Fast-forward to Wednesday: Each collaboration is now publishing results from independently collected data, all of which support the existence of a gravitational-wave background. The NANOGrav team has the largest data set, with 15 years of measurements from 67 pulsars, each monitored for at least three years.

The findings carry a confidence level in the range of 3.5- to 4-sigma, just shy of the 5-sigma standard generally expected by physicists to claim a smoking-gun discovery. That means the odds of seeing a result like this randomly are about 1 in 1,000 years, Dr. Mingarelli said. “That’s good enough for me, but other people want once in a million years,” she said. “We’ll get there eventually.”

Marcelle Soares-Santos, an astrophysicist at the University of Michigan who was not involved in the work, acknowledged that while this was early evidence, the results were enticing. “This is something that the community has been anticipating for quite a while,” she said, adding that independent measurements from other pulsar timing collaborations strengthened the findings.

Still, Dr. Soares-Santos said, it was too soon to tell what impact a gravitational-wave background might have on future research. If the signal really was from the slow, inward spiraling of supermassive black holes, as many NANOGrav collaborators believe, it would augment what scientists understand about the way early galaxies merged, forming ever-larger systems of stars and dust that eventually settled into the complex structures observed today.

But if the ripples originated with the Big Bang, they might instead provide insight into the expansion of the cosmos or the nature of dark matter — the invisible glue scientists think holds the universe together — and perhaps even reveal new particles or forces that once existed. (Experts noted that the gravitational-wave background could also originate from multiple sources, in which case the challenge would be to disentangle how much comes from where.)

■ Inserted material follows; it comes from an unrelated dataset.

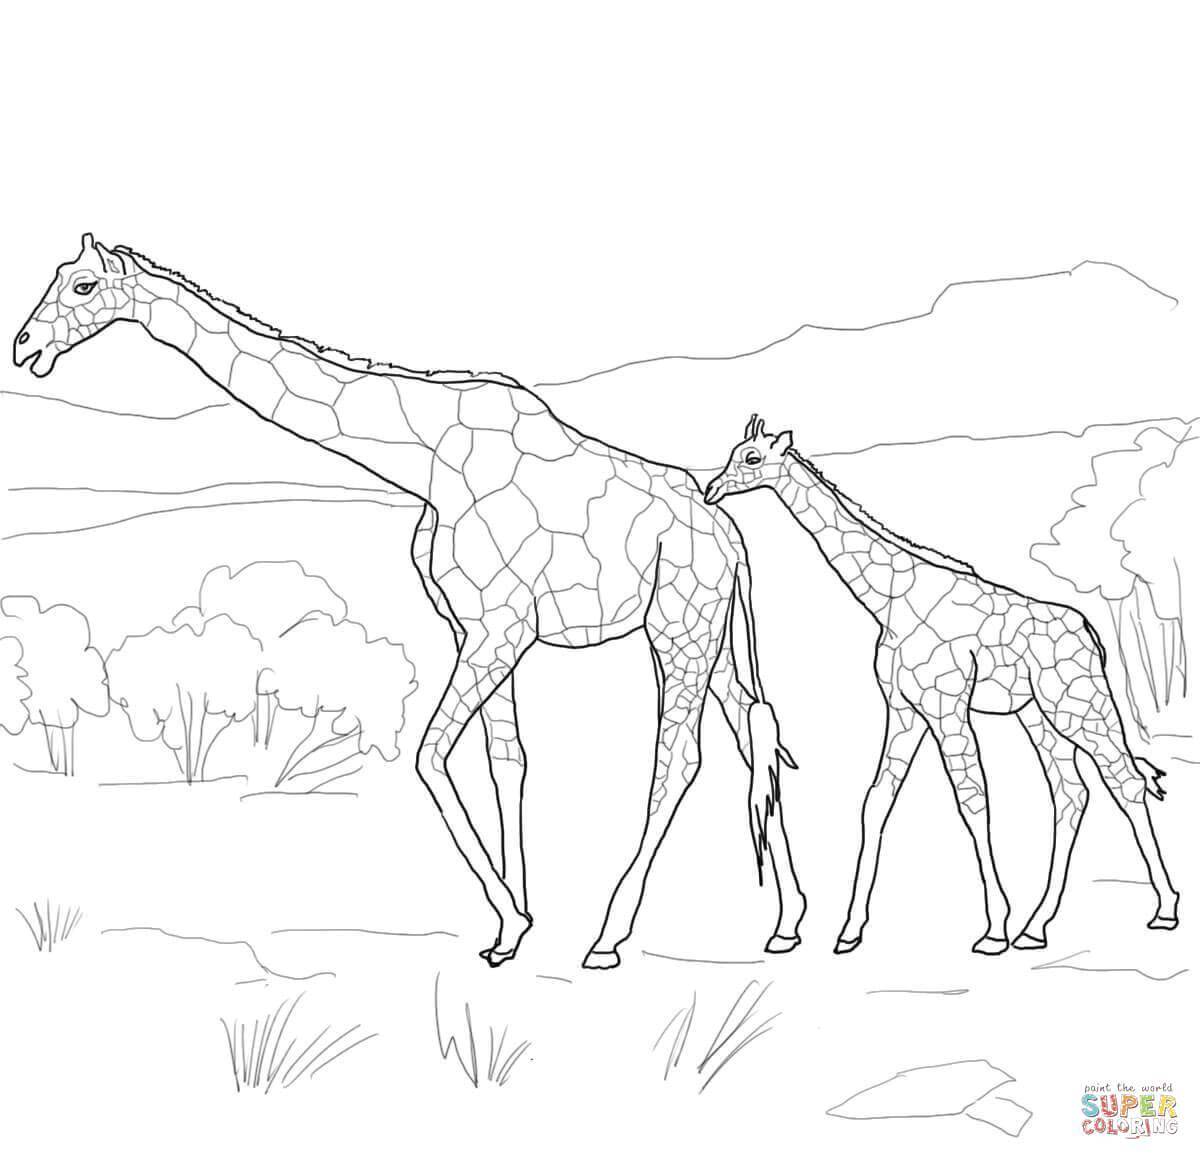 Coloring Giraffes on Safari. Category Animals. Tags:  Animals, giraffe.

The NANOGrav team is already working on analyzing all the data from gravitational-wave collaborations around the world, equaling around 25 years’ worth of measurements from 115 pulsars. These results will be unveiled in a year or so, Dr. Siemens said, adding that he expected them to exceed the 5-sigma discovery level.

But a few more years may be needed to confirm the source of the gravitational-wave background. Researchers have already begun using their data to piece together maps of the universe and to look for intense, nearby regions of gravitational-wave signals indicative of an individual supermassive black hole binary. That’s where the fun starts, said Dr. Mingarelli, who is looking forward to analyzing those maps and searching for even more exotic phenomena, like galactic jets, cosmic strings or wormholes.

“This could lead to something really groundbreaking,” Dr. Soares-Santos said, comparing it to the discovery of the cosmic microwave background in the 1960s, which has since transformed physicists’ knowledge about the early universe.

At Thursday’s news conference Maura McLaughlin, a NANOGrav collaborator at West Virginia University, was enthusiastic about the next phase of research. “We are certainly expecting the unexpected,” she said. “All we have to do is keep listening.”

Dennis Overbye contributed reporting.